A seasoned shopper would be better prepared. Down in the U.S., where the Black Friday tradition is more deeply entrenched, no self-respecting consumer would ever run out of ammo.

There was, in fact, so much mayhem in the U.S. that the hashtag #WalmartFights was trending on Twitter. The mega-chain was one of a dozen retailers to jump the gun (probably an assault rifle) and kick off its holiday sales frenzy a day early this year, opening on the American Thanksgiving holiday Thursday.

A man was stabbed after pulling a gun in a dispute over a parking space in Virginia. An officer was left with a broken wrist after three separate fights erupted over line-budging in California. A guy who assaulted another cop got pepper sprayed in a New Jersey store. An Ohio woman was trampled. Several videos of in-store mob scenes were posted, including one in which a woman can be heard screaming "oh my God" during a melee over flat-screen televisions in North Carolina.

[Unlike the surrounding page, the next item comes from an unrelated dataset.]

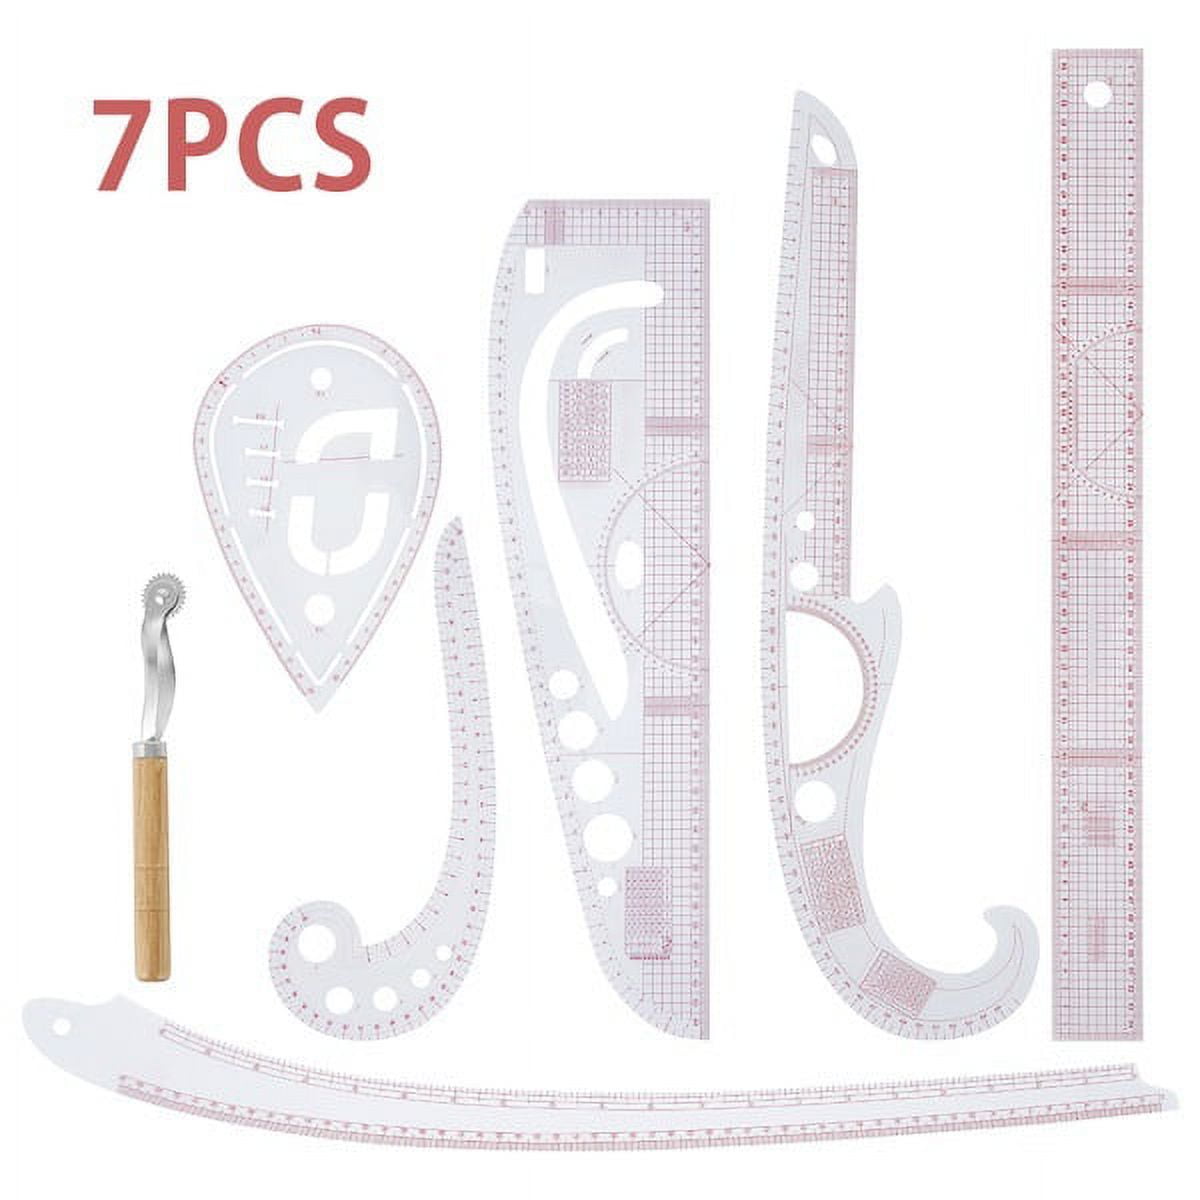 PCC BARE Sewing & Pattern-making Supplies Kit

And that's just the Walmarts.

Elsewhere, police shot a shoplifter who tried to drive off with a cop stuck in his car door outside an Illinois Kohl's. In Las Vegas, a robber shot a man who had just bought a TV. One woman used a stun gun on another as they duked it out in a Philadelphia mall. By Friday night, the website BlackFridayDeathCount .com had upped its running tally of shopping-related casualties to five dead and 81 injured since 2006.

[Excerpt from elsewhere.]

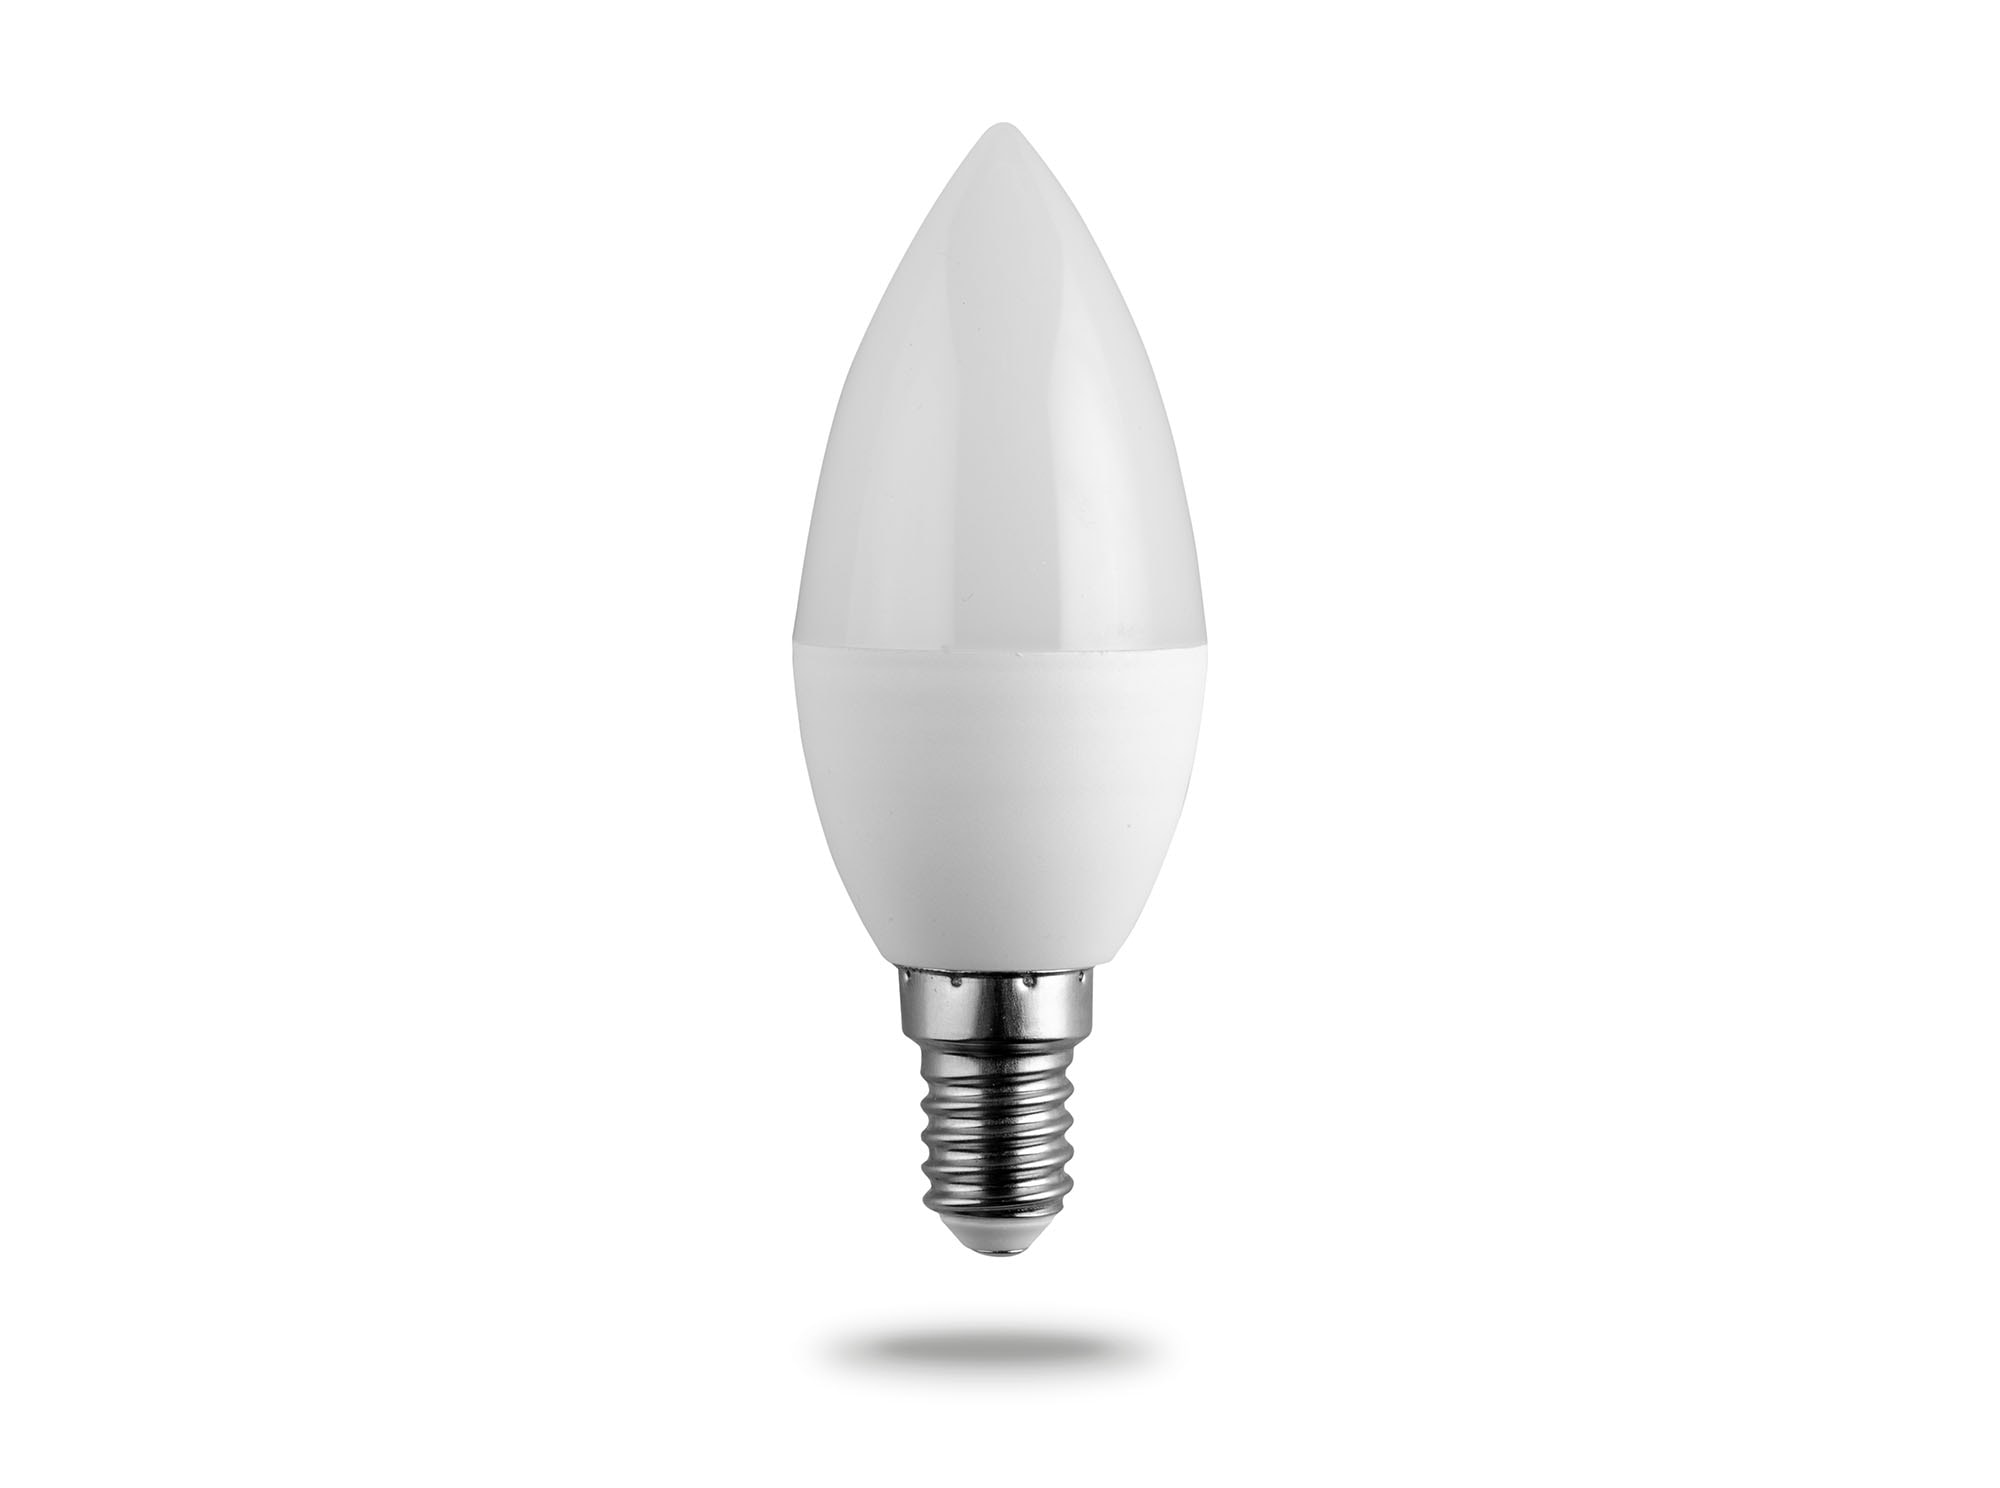 LED Candle Type Bulb

No such nastiness here in Victoria.

Maybe we'll get snarlier after B.C. allows liquor sales in grocery stores and we show up for the sales all Rob Forded on President's Choice tequila, but for now our mob scenes tend to involve a thousand people trying to politely hold the door for each other at the same time.

Our stores did have big crowds on Friday. Even though it was a working day here, we flocked to the deals just like they did in the States. Uptown, Mayfair, downtown -- bleary-eyed bargain-hunters rolled out of bed and queued up in a manner more commonly associated with Boxing Day as merchants opened early.

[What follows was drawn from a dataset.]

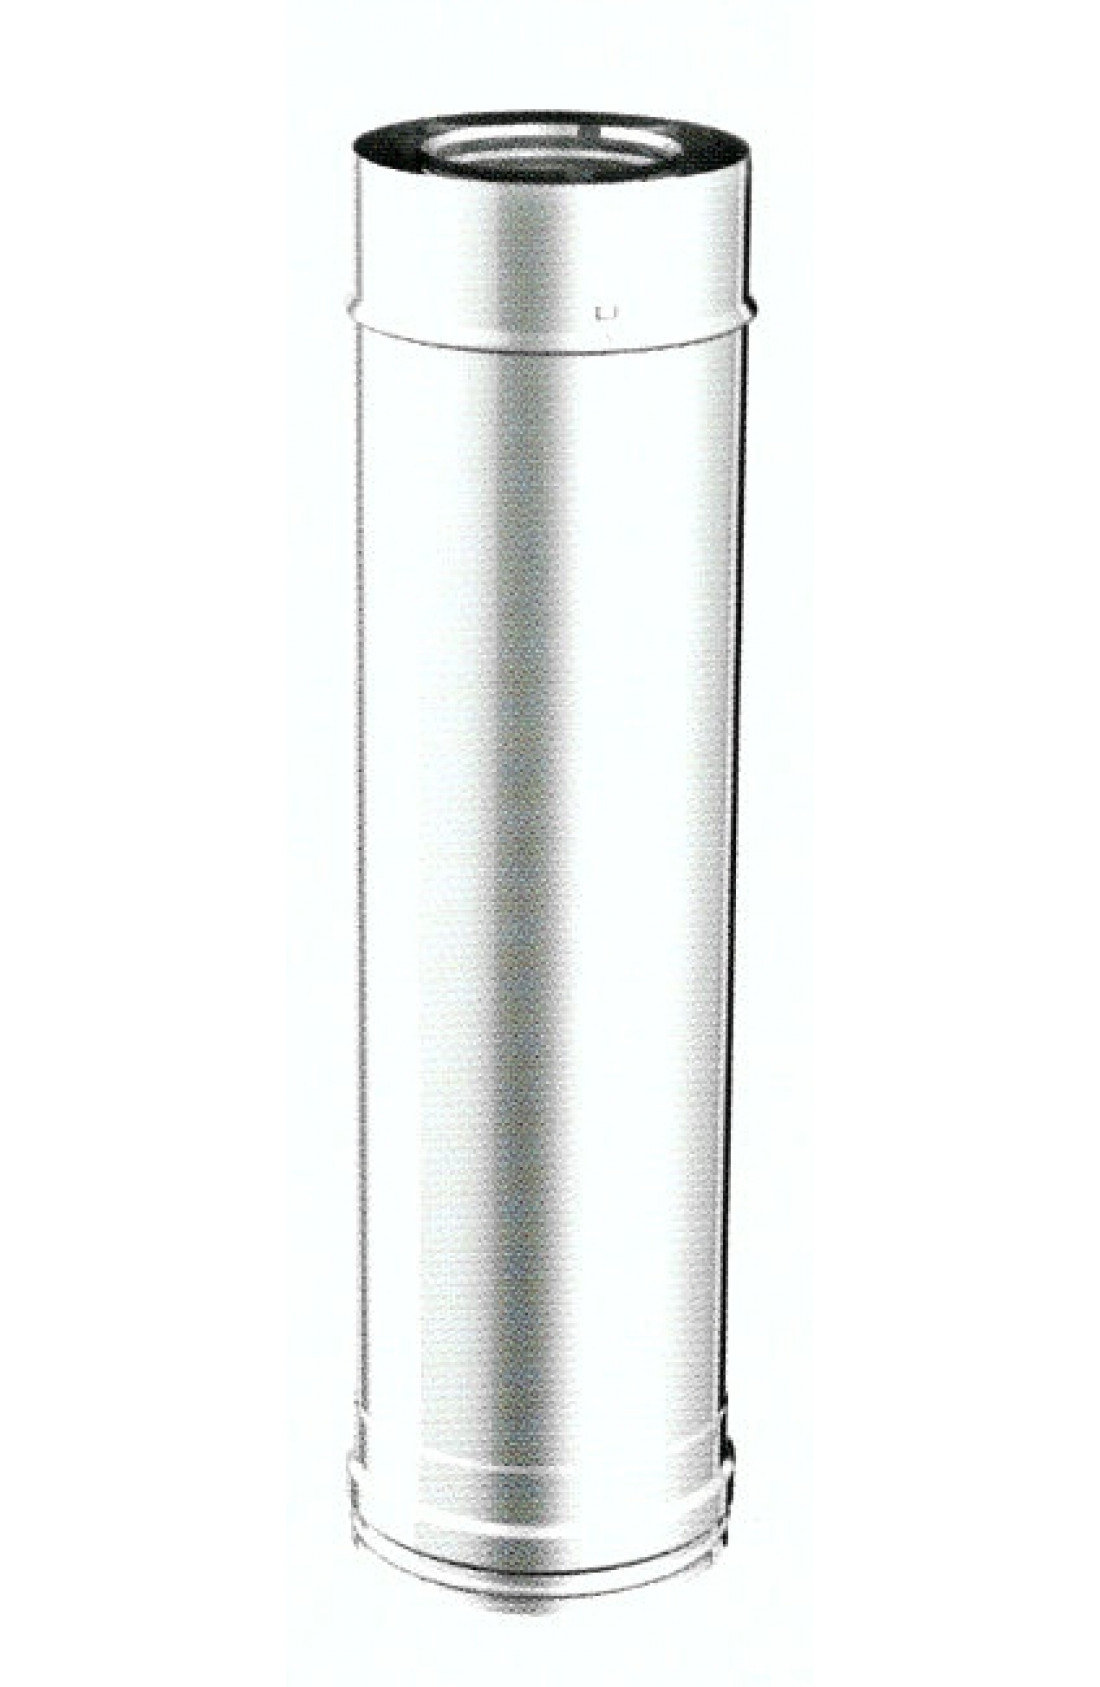 Tubo lineare in acciaio inox L500mm

This is the first year Victorians have fully embraced the Black Friday shopping experience. It might seem strange to see us copycat American holiday shoppers on a day that is not a Canadian holiday (wonder how many people begged off work with the Friday Flu), but for retailers these Black Friday sales are really an act of self-defence. They have to offer deep discounts to plug the drain of Canadians going south.

Cross-border shopping re-emerged as an issue in 2007 when the loonie, which for 30 years had languished as the Great Northern Peso, suddenly shot up to parity with the U.S. dollar. Vancouver Island retailers were somewhat protected by geography, the cost and hassle of crossing the moat to the U.S. deterring consumers, but have recently seen that advantage eroded by the rise of online shopping and the increase in duty-free limits.

It creates a moral dilemma for shoppers, who must decide at what point purchasing power outweighs patriotism. Strange how we work ourselves into a lather over raw log exports, demanding that the government stop allowing jobs to be shipped abroad, yet remain mum when it's our own consumer choices that put our neighbours out of work and bleed the local economy.

Friday's TV news showed a B.C. shopper in Bellingham, gleefully crowing about paying just $15 for an item that would have cost her $40 in Canada; perhaps she would like to call the Bellingham Fire Department when her house goes up in flames, as that's where her taxes are going.

Of course, the moral dilemmas can be avoided when the local merchants offer screaming deals of their own, ones that allow Victorians to save money without having to bring a passport or brush up on their close-combat skills.